Melanie: I just kept thinking about the kids in the tent in the backyard, holding flashlights and getting amped about the comic they would write. Why didn’t they write a comic about a superhero who accidentally hurts a kid instead of saves him? We’d get meta-comic book action! And Jones would get his story about the truck. But in the end text, Jones says that he is the narrator and also the man with the truck? I guess there aren’t enough indicators in the first part of the comic to help me get something out of My Hero. I want to say that Jones’s work reminds me of Gertrude Stein, who, when asked why she didn’t write the way people read, answered, “Why don’t you read the way I write?” Jones could fall into that camp . . . except he doesn’t when he goes about explaining himself so much in an endnote. Every book of his I’ve read has been explained either in the book or an interview. And all I can think about is the end of a fiction workshop. The writer has been quiet, the students have talked over his story, and then the writer explains what he meant to do . . . and the students all get excited about the writer’s ideas, forgetting the ideas aren’t even in the story. I also have no idea what the drawings without words, which is like a separate comic book afterward, are about.
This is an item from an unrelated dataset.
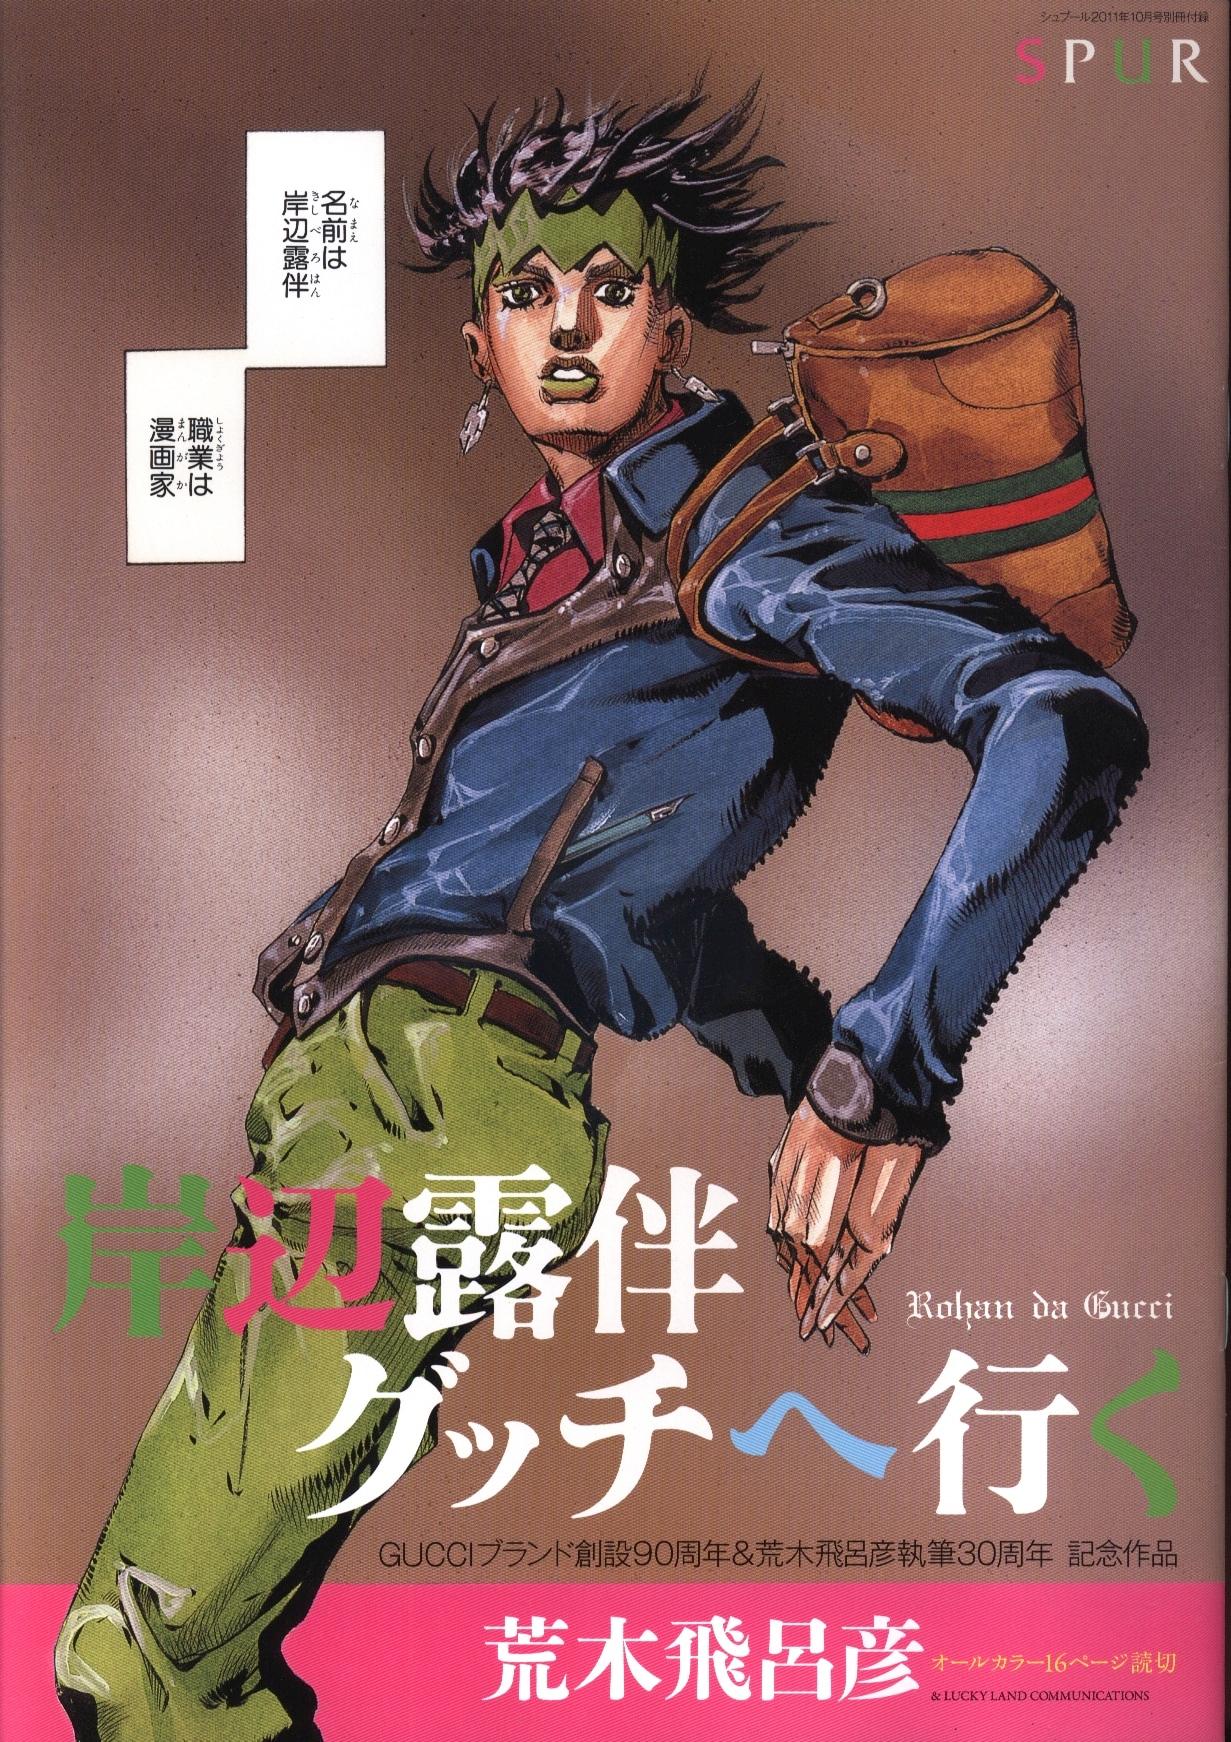 Kishibe Rohan Meets Gucci - JoJo's Bizarre Encyclopedia ...

Nick: There’s a comic-story layer and a story-about-the-comic-the-kids-are-writing layer, and their superhero, Doby, gets pulled from one layer to the other. It looked like people from the comic-story layer think Doby’s dead and the pages with art are of the funeral. An interesting element of this book is that you’re asked to imagine all of the visuals, but the book then goes ahead and fills you in on what the kids’ comic book characters really look like. Totally in line with your point about Jones needing to go back and explain his story. I did notice a couple of things in the book that might be references. At the funeral, a girl’s boots remind me of the Infinity Gauntlet, which will be familiar to fans of Marvel comics. The number #52 was scribbled in a couple of places, which could be a reference to a DC comics series called “52” that came after a mini-series called “Infinite Crisis” which was a sequel to “Crisis on Infinite Earths.” The point of these books was to unravel decades of messy backstories, crossovers, and side plots put together by hundreds of DC comic writers across all the different superhero series. Appropriate to reference in a book that seems to be trying to conjure a sense of deep backstory for characters we only meet briefly. The framing device seems to be the star of the show here, the comic artists’ template complete with coffee stains and such. It was interesting to see the thought process of Jones trying to figure out how to fill the space on the page with words, but do you think it carried the book?


Melanie: I loved the concept, but found no story and then was further confused when Jones wrote what My Hero was supposed to be about . . . of which I saw no traces. I would guess the audience is graduate students in an experimental fiction class. Plus, it’s a hardcover book, which limits the audience further due to the cost. Why not publish it like a comic book?


Nick: I don’t think superhero fans will find much in this book, but it may be interesting if you are trying to approach comics from an academic perspective - especially if you’re a fan of Jones’ fiction. If you set aside the bits of plot and look to how Jones, as a novelist, works through the process of plotting out a superhero comic, you can sort’ve pick out where he’s was going with this book, but ultimately Jones all but admits this was a pile of notes published as a book by Hex Publishers, which seeks to promote genre comics from voices outside of the mainstream. But, I don’t think My Hero would find a publisher if it wasn’t carried by the name of the author.